--- START ---
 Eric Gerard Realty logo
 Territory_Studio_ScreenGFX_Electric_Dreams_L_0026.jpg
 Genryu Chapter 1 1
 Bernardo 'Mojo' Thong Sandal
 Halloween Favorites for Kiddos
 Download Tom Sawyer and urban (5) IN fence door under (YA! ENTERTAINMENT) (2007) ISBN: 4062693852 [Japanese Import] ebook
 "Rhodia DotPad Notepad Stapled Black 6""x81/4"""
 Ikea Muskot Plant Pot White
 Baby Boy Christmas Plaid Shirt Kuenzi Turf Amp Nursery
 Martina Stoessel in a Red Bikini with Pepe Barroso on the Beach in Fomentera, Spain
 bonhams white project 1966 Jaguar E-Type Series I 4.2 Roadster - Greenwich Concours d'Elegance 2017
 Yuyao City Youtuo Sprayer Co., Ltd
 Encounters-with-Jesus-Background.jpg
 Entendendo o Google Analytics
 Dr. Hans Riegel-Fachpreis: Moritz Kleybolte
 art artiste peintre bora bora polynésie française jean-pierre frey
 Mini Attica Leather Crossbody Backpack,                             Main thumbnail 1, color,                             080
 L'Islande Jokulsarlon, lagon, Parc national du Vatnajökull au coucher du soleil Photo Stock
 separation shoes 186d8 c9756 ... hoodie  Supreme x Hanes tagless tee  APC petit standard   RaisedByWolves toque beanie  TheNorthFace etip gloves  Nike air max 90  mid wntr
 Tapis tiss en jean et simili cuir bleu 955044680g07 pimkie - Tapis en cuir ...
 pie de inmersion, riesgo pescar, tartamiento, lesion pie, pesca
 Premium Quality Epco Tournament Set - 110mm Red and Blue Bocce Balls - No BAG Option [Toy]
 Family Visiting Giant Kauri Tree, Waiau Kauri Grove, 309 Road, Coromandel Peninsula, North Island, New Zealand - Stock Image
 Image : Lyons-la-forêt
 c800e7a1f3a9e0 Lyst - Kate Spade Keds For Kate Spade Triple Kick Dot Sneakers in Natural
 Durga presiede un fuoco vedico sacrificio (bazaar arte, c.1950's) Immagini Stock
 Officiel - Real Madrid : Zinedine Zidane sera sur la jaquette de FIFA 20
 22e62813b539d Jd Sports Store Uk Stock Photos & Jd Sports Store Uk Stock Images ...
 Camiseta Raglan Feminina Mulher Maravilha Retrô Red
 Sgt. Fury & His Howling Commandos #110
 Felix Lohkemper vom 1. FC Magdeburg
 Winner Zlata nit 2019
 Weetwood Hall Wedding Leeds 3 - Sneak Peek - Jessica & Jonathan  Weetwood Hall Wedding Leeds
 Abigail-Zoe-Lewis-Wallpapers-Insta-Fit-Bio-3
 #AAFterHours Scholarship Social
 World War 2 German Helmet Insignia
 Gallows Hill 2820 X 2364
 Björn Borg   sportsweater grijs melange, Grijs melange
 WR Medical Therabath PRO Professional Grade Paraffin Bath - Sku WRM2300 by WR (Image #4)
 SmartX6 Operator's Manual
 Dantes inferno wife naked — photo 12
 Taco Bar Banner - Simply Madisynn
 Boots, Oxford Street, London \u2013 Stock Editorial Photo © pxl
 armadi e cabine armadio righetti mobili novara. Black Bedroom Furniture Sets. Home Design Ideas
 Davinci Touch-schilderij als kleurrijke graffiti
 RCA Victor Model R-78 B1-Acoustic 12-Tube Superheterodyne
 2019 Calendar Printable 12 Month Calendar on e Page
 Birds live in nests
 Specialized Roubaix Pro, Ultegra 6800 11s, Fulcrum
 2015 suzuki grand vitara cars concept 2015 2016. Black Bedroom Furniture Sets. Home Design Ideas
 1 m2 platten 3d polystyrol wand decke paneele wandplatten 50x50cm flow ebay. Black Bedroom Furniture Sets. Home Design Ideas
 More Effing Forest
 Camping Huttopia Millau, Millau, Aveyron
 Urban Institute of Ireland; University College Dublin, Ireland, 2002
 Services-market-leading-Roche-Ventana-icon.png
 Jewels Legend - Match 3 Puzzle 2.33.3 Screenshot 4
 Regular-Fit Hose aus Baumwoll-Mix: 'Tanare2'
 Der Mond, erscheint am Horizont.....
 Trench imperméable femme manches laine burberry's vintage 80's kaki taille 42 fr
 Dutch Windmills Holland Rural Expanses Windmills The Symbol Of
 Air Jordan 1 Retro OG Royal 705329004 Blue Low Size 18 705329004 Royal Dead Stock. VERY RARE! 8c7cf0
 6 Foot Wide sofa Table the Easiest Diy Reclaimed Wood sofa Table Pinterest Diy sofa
--- END ---
Print, exactly as written, the first line of the records above and each line after it until the line with "Halloween Favorites for Kiddos", which is printed too.

## EXPECTED ANSWER
 Eric Gerard Realty logo
 Territory_Studio_ScreenGFX_Electric_Dreams_L_0026.jpg
 Genryu Chapter 1 1
 Bernardo 'Mojo' Thong Sandal
 Halloween Favorites for Kiddos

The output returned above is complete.